FSGS attacks the kidney's filtering system, causing proteins to be lost into the urine and reducing the kidney's ability to filter wastes from the blood. According to NephCure, which helped fund the study, 26 million Americans suffer from chronic kidney disease, of which FSGS is one of the most common forms.

Patients with FSGS are often treated with steroids, which are only partially effective and have very harsh side effects. In addition, they often face several trips a week to the hospital for dialysis, and many require a kidney transplant, along with lifelong treatment with powerful immunosuppressants to prevent organ rejection.

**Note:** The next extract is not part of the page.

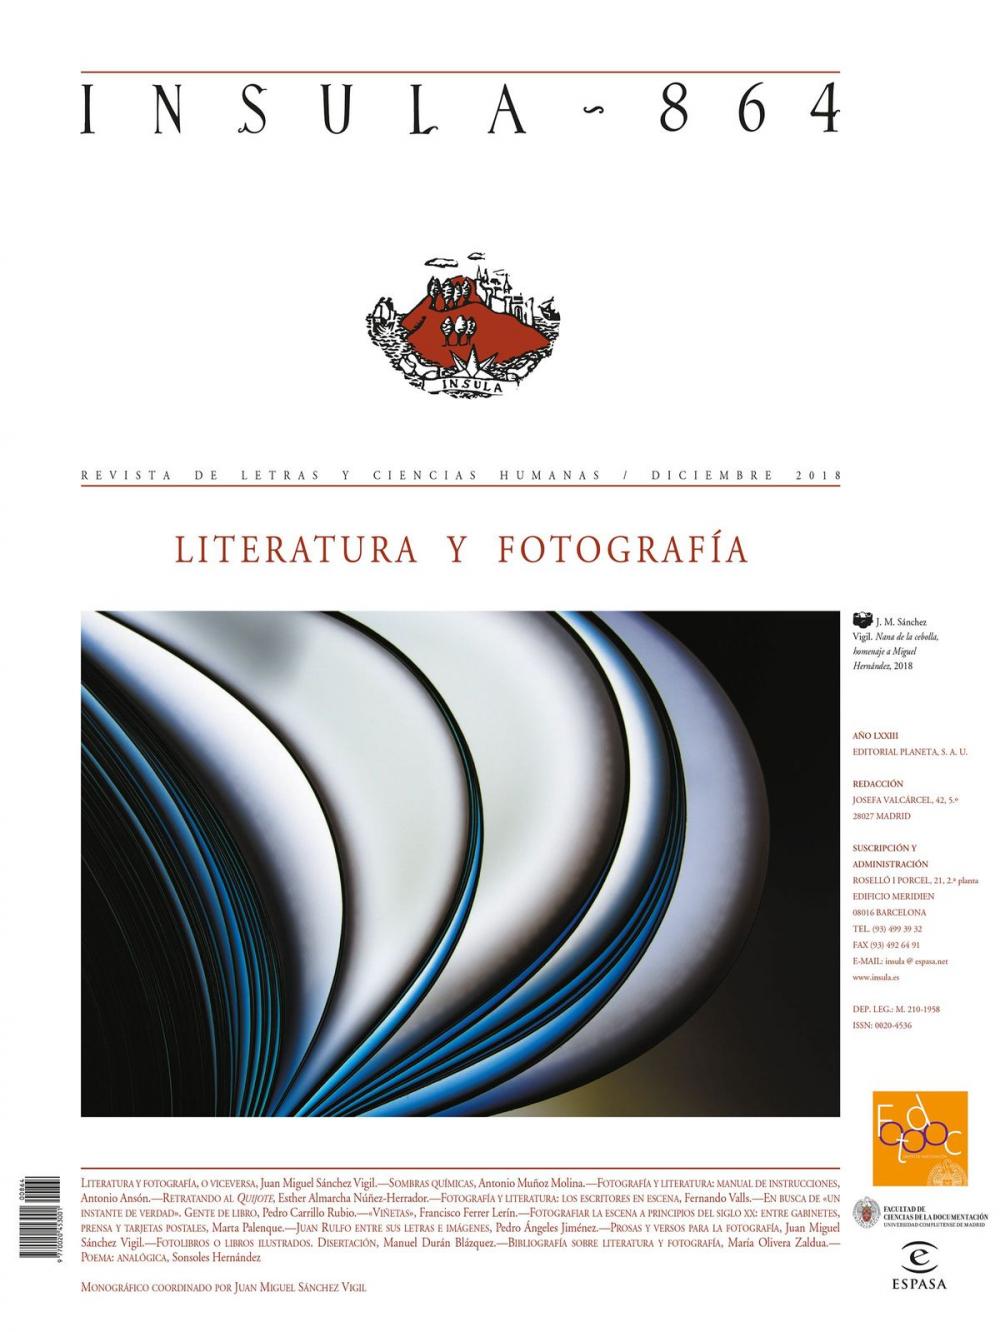 Big bigCover of Literatura y fotografía (Ínsula n° 864, diciembre de 2018)

The research team, led by Elizabeth Brown, MD of Children's Division of Nephrology, working in the laboratory of Martin Pollak, MD of the Renal Division at Brigham and Women's Hospital, identified the gene by performing a genetic linkage analysis in two large families with FSGS. Linkage analysis is a gene-finding technique that compares affected with unaffected family members, looking for a piece of DNA whose location is already known, and that is inherited only by affected members. Using that piece of DNA as a "signpost," researchers can then look nearby to find the disease gene.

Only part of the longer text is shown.